Estaba en estos pensamientos cuando suena el teléfono de Don Ramiro. Éste lo mira con aprensión y en el último pitido, lo coge.
⏤Banco Central. Ramiro Pérez, dígame.
Lo que sucedió a continuación resultó ser tan lamentable que Micaela, saltándose el protocolo de limpieza, las medidas de distanciamiento, su propio código deontológico profesional y sin que sirva de precedente, tuvo que intervenir y excederse en sus competencias.

Esta llamada no era la de un cliente importante, ni la de un gran inversor, se trataba del mismísimo Banco Central Europeo, una llamada que por protocolaria no dejaba de ser urgente y decisiva. Don Ramiro lo supo por el prefijo del teléfono y por el susodicho preámbulo a través del cual dos operadores distintos le pusieron en contacto directo con el ejecutivo a cargo del departamento en cuestión. Doña Alejandra, la única empleada que tenía buen nivel de inglés, no se encontraba en la oficina, pues pertenecía al turno alterno, ahora confinado.
Micaela, al ver el rostro descompuesto de Don Ramiro, fue poco a poco dejando de lado sus labores. 
⏤Diría que le están comunicando una noticia horrible. ¿Habrá fallecido alguien de su familia?  Ay, ¿qué le pasa?
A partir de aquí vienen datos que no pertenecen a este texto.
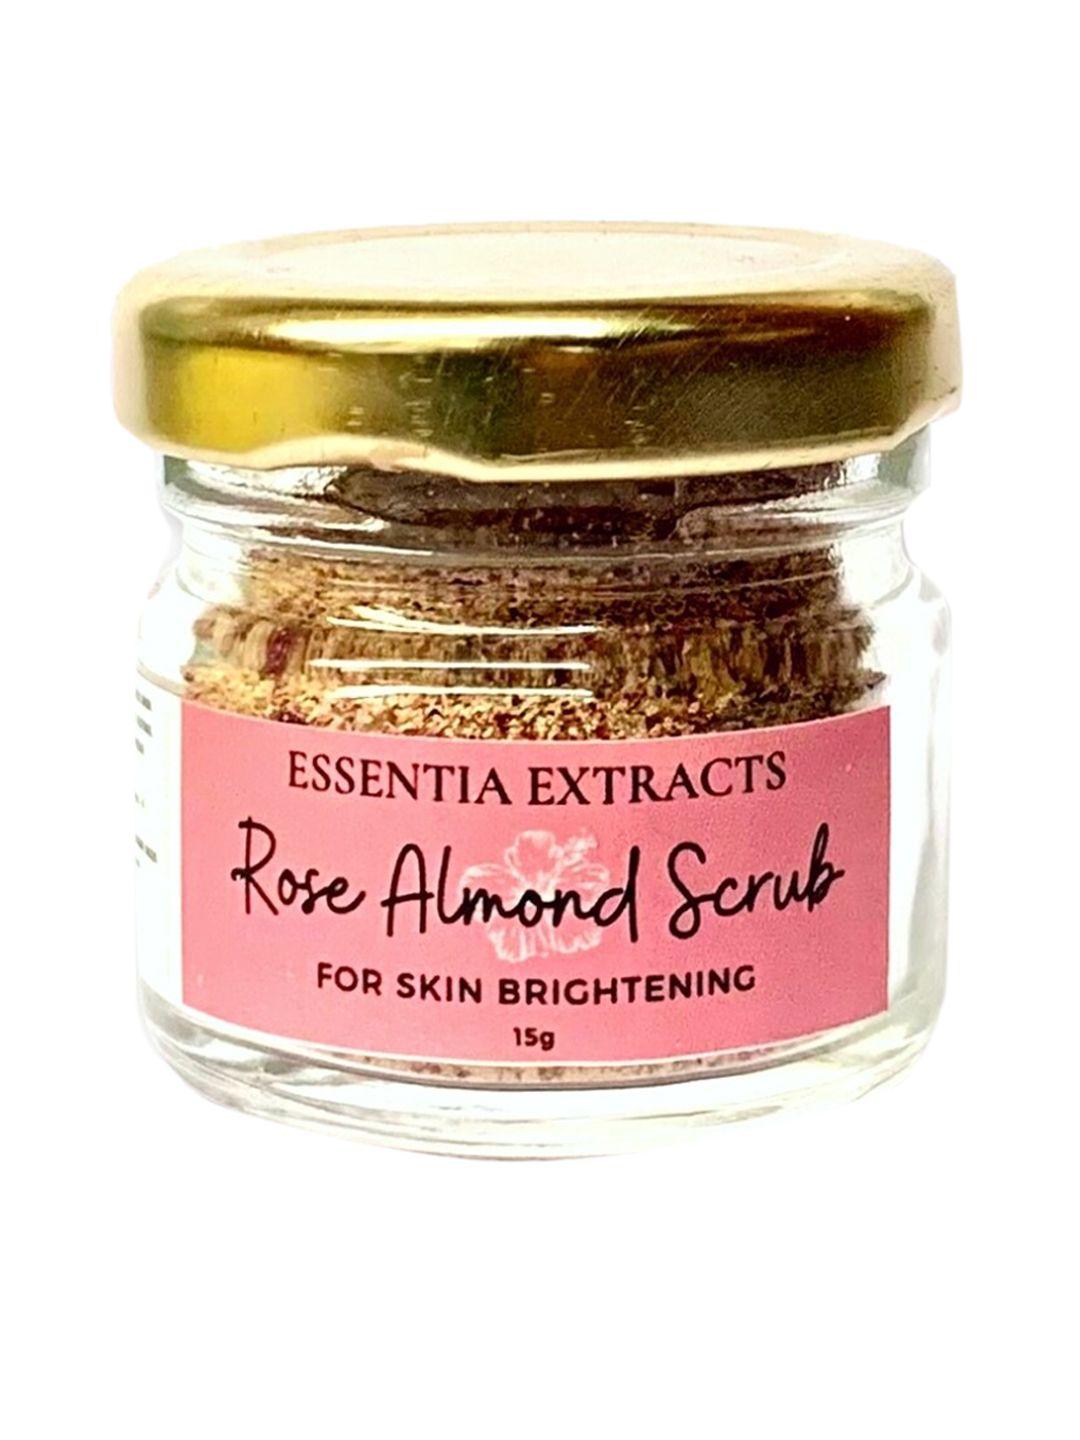 essentia extracts rose almond skin brightening face & body exfoliating scrub - 15g

Pues no parece que está a punto de darle un parraque. 
Andaba Micaela en estas cavilaciones, cuando ve que Don Ramiro, un empleado del que hasta la fecha no había recibido ni el más mínimo ademán de saludo, deja caer el teléfono, derrumbándose sobre la mesa. 
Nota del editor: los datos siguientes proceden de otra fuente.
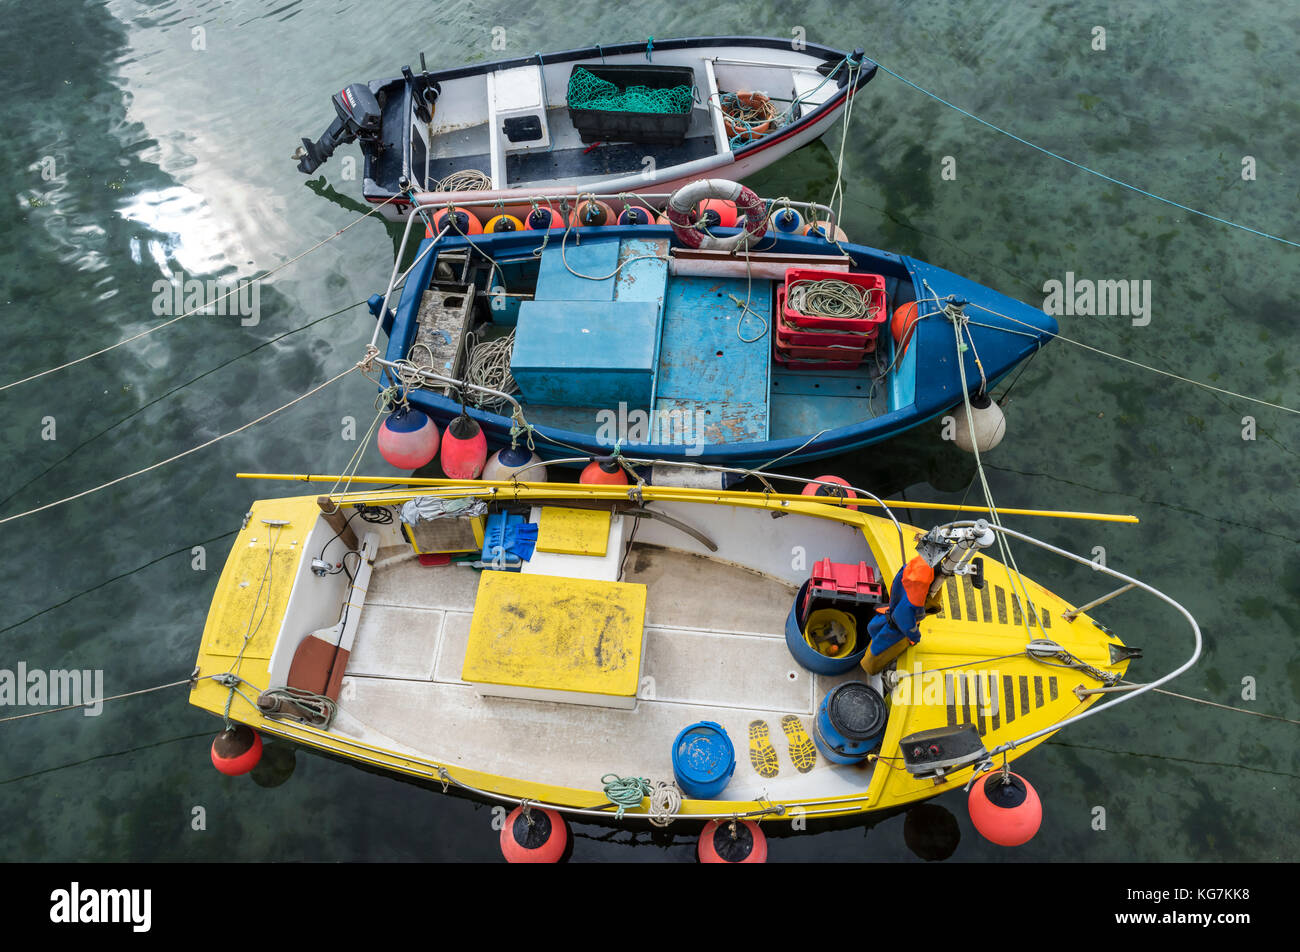 https://c8.alamy.com/comp/KG7KK8/mousehole-england-april-28-2017-three-fishing-boats-with-nets-boxes-KG7KK8.jpg

⏤¿Está usted bien, Don Ramiro? ¿Qué le pasa?
Éste, tapándose la boca como para vomitar, se levantó de su asiento y se fue dando arcadas hacia el servicio. Micaela, en el fondo aliviada de verlo correr, se agachó para recoger el teléfono del suelo. Fue en ese instante que una voz al otro lado del hilo la reclamó, era femenina y hablaba en inglés. Micaela se dio cuenta enseguida porque se compraba libros de Richard Vaughan y estudiaba por su cuenta en sus ratos libres. Afición que combinaba con las lecturas de J.J. Benítez y Brian Weiss. La voz le era tan familiar que le recordó a los listening y a las canciones en inglés que ella misma aprendía y estaba harta de cantar. Con desparpajo y buena disposición, no le costó nada tomar los recados que una tal Christine Lagarde le daba en un inglés correcto y estándar. Can you spell your name, please? Would you like to leave a message? You’re welcome. Have a nice day... Eran las formulas que Micaela se sabía de memoria, mejor que su propio nombre y que brotaban de su garganta como si de una cascada de escupitajos se tratase, al tiempo que apuntaba el recado en un trozo de papel. 
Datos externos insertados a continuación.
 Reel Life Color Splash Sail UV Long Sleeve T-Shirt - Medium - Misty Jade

Cuando Don Ramiro llegó del baño, venía con varios compañeros que, preocupados por su aspecto -llevaba el pelo chorreando- habían tenido a bien de acompañarlo de vuelta a su mesa. Al sentarse, vio un post-it sobre el teléfono. Cuando lo leyó, no daba crédito a lo que había pasado. Alguien había atendido la llamada, tomando las notas pertinentes. ¿Pero, quién?

Pasó el tiempo y Don Ramiro nunca encontró al compañero que aquella mañana habló nada más y nada menos que con la presidenta del Banco Central Europeo. Sólo sabía que, fuese quien fuese, le había hecho un favor inestimable, pues de no haberse atendido aquella llamada, quién sabe qué consecuencias económicas habría sufrido tanto la entidad bancaria como su país.